REPUBLIKA.CO.ID, SHARJAH – Muslim Uni Emirat Arab (UAE) tengah menghadapi cuaca panas saat menjalani ibadah puasa. Tak heran, sebagian warga UAE memilih untuk berada di dalam ruangan.
Badan Pusat Nasional Meteorologi dan Seismologi UAE (NCMS) menyebutkan, suhu udara di Sharjah mencapai 49.3 derajat Celcius, dan Dubai 47.4 derajat Celcius.
"Akhir Juli dan awal Agustus akan menjadi suhu terpanas yakni 50 derajat Celcius. Suhu ini bukan tergolong ekstrem tetapi hal yang terjadi sepanjang tahun," papar Ahli Meteorologi, Sufian Farrah, seperti dikutip khalejtimes.com, Jumat (27/7).
Mohammed Yahya, warga Dubai, mengaku menghindari panas ketika harus berpuasa selama 14 jam. "Cuaca saat ini sangat panas. Tapi tidak akan memengaruhi puasa saya. Karena aktivitas banyak dilakukan di dalam ruang," ujarnya. Ia mengatakan suhu panas seperti ini pernah ia rasakan di Sudan.
Mohamed Ajwad, warga lainnya, mengatakan tidak punya pilihan selain tetap berpuasa meski harus menghadapi suhu udara yang tidak bersahabat. Sebagai teknisi pendingin udara, ia tidak menikmati dinginnya udara yang dihasilkan mesin yang ia perbaiki. Sebaliknya, ia merasakan teriknya matahari. "Ini tantangan," katanya.
Selama Ramadhan tahun ini, Ajwad dua kali jatuh sakit.
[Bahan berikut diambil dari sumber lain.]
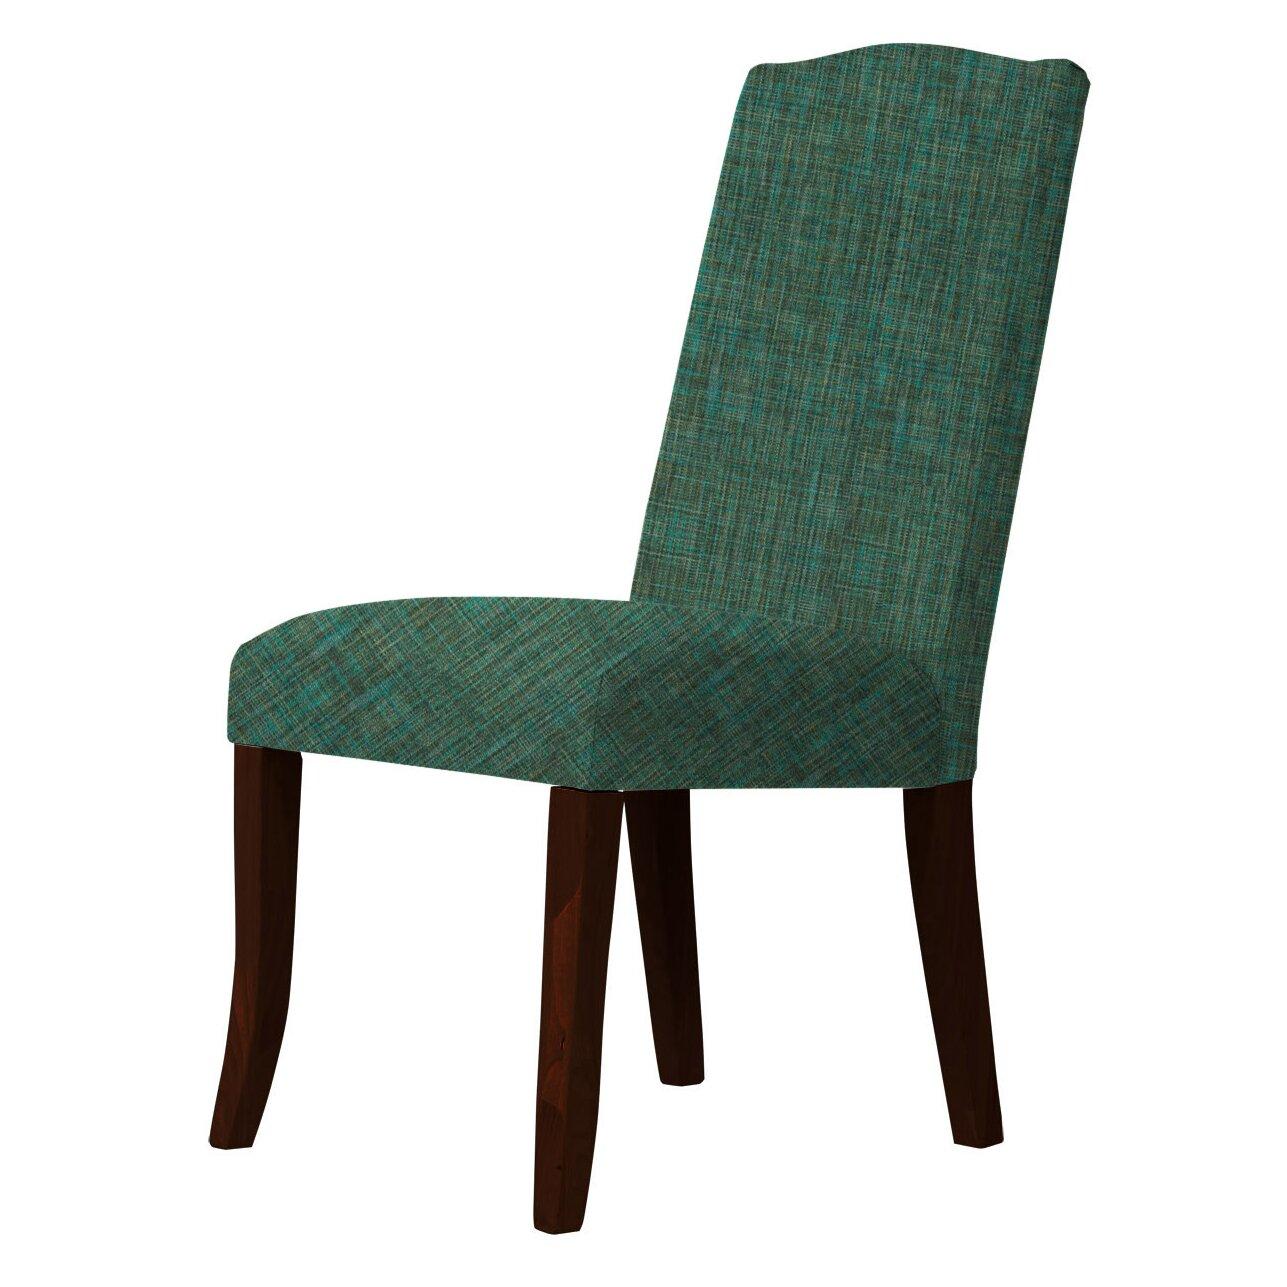 Red barrel studio lasseter upholstered dining chair for Red upholstered dining chair

Pertama, ia lupa mengenakan topi saat beraktivitas di luar. "Saya jatuh sakit malam itu, menderita demam selama tiga hari," tuturnya.
Dr Mohamad Asmi, ahli jantung di Rumah Sakit Swasta Al-Garhoud di Dubai, mengatakan jika banyak beraktivitas di luar dan dalam kondisi terik, disarankan untuk mengenakan penutup kepala. "Sebaiknya dengan kain yang dibasahi air dingin," kata dia.
Menurut Asmi, dehidrasi merupakan tantangan besar bagi Muslim yang berpuasa. Aktivitas yang banyak dilakukan di luar ruang dengan suhu terik akan meningkatkan risiko kelelahan. "Puasa bukanlah menghukum seseorang. Anda mungkin bisa mempertimbangkan diri untuk membatalkan puasa jika beraktivitas di luar dengan suhu terik. Khawatirnya, anda membahayakan diri sendiri," saran dia.